Is Fine-Tuning Still Valuable?

A reaction to a recent trend of disillusionment with fine-tuning.
Author

Hamel Husain

Published

March 27, 2024

Here is my personal opinion about the questions I posed in this tweet:


I think that fine-tuning is still very valuable in many situations. I’ve done some more digging and I find that people who say that fine-tuning isn’t useful are indeed often working on products where fine-tuning isn’t likely to be useful:

Another common pattern is that people often say this in earlier stages of their product development. One sign that folks are in really early stages is that they don’t have a domain-specific eval harness.

It’s impossible to fine-tune effectively without an eval system which can lead to writing off fine-tuning if you haven’t completed this prerequisite. It’s also impossible to improve your product without a good eval system in the long term, fine-tuning or not.

You should do as much prompt engineering as possible before you fine-tune. But not for reasons you would think! The reason for doing lots of prompt engineering is that it’s a great way to stress test your eval system!

If you find that prompt-engineering works fine (and you are systematically evaluating your product) then it’s fine to stop there. I’m a big believer in using the simplest approach to solving a problem. I just don’t think you should write off fine-tuning yet.

Examples where I’ve seen fine-tuning work well

Generally speaking, fine-tuning works best to learn syntax, style and rules whereas techniques like RAG work best to supply the model with context or up-to-date facts.

These are some examples from companies I’ve worked with. Hopefully, we will be able to share more details soon.

  • Honeycomb’s Natural Language Query Assistant - previously, the “programming manual” for the Honeycomb query language was being dumped into the prompt along with many examples. While this was OK, fine-tuning worked much better to allow the model to learn the syntax and rules of this niche domain-specific language.
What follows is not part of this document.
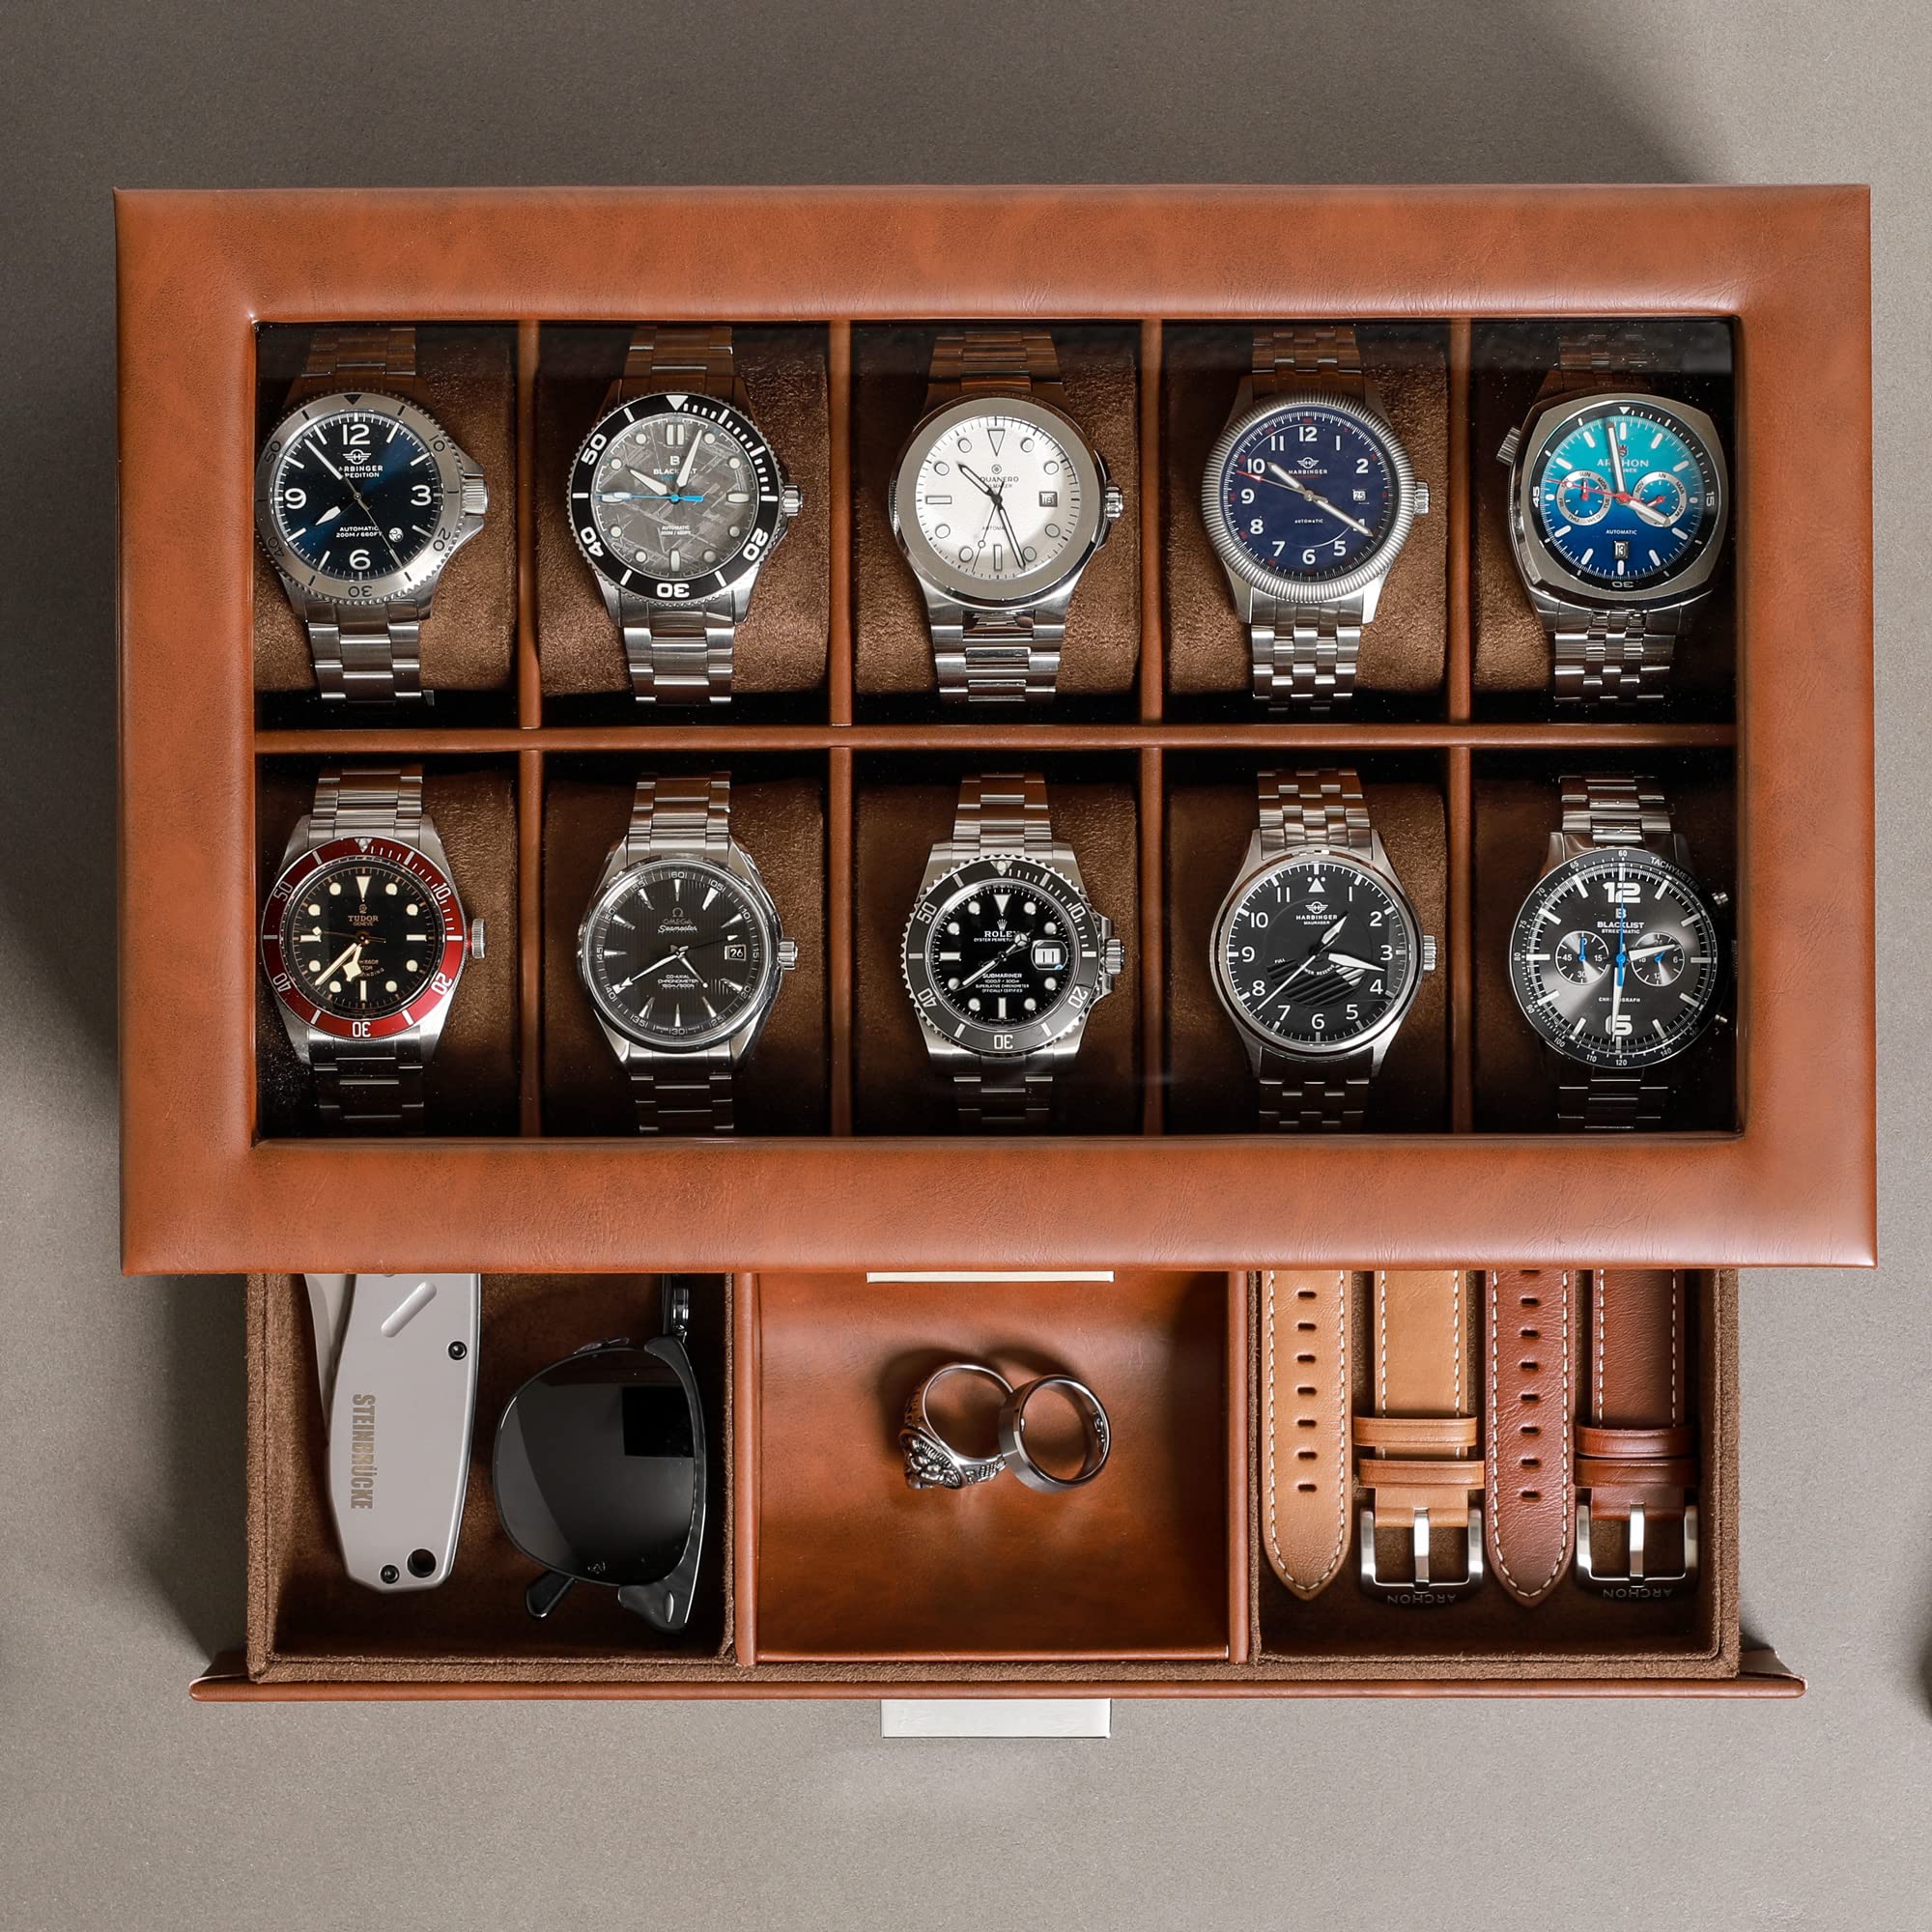 Gift Set 10 Slot Leather Watch Box with Valet Drawer & Matching 5 Watch Travel Case - Luxury Watch Case Display Organizer, Locking Mens Jewelry Watches Holder, Men's Storage Boxes Glass Top Tan/Brown

  • ReChat’s Lucy - this is an AI real estate assistant integrated into an existing Real Estate CRM system. ReChat needs LLM responses to be provided in a very idiosyncratic format that weaves together structured and unstructured data to allow the front end to render widgets, cards and other interactive elements dynamically into the chat interface. Fine-tuning was the key to making this work correctly. This talk has more details.

P.S. Fine-tuning is not only limited to open or “small” models. There are lots of folks who have been fine-tuning GPT-3.5, such as Perplexity.AI: and CaseText, to name a few.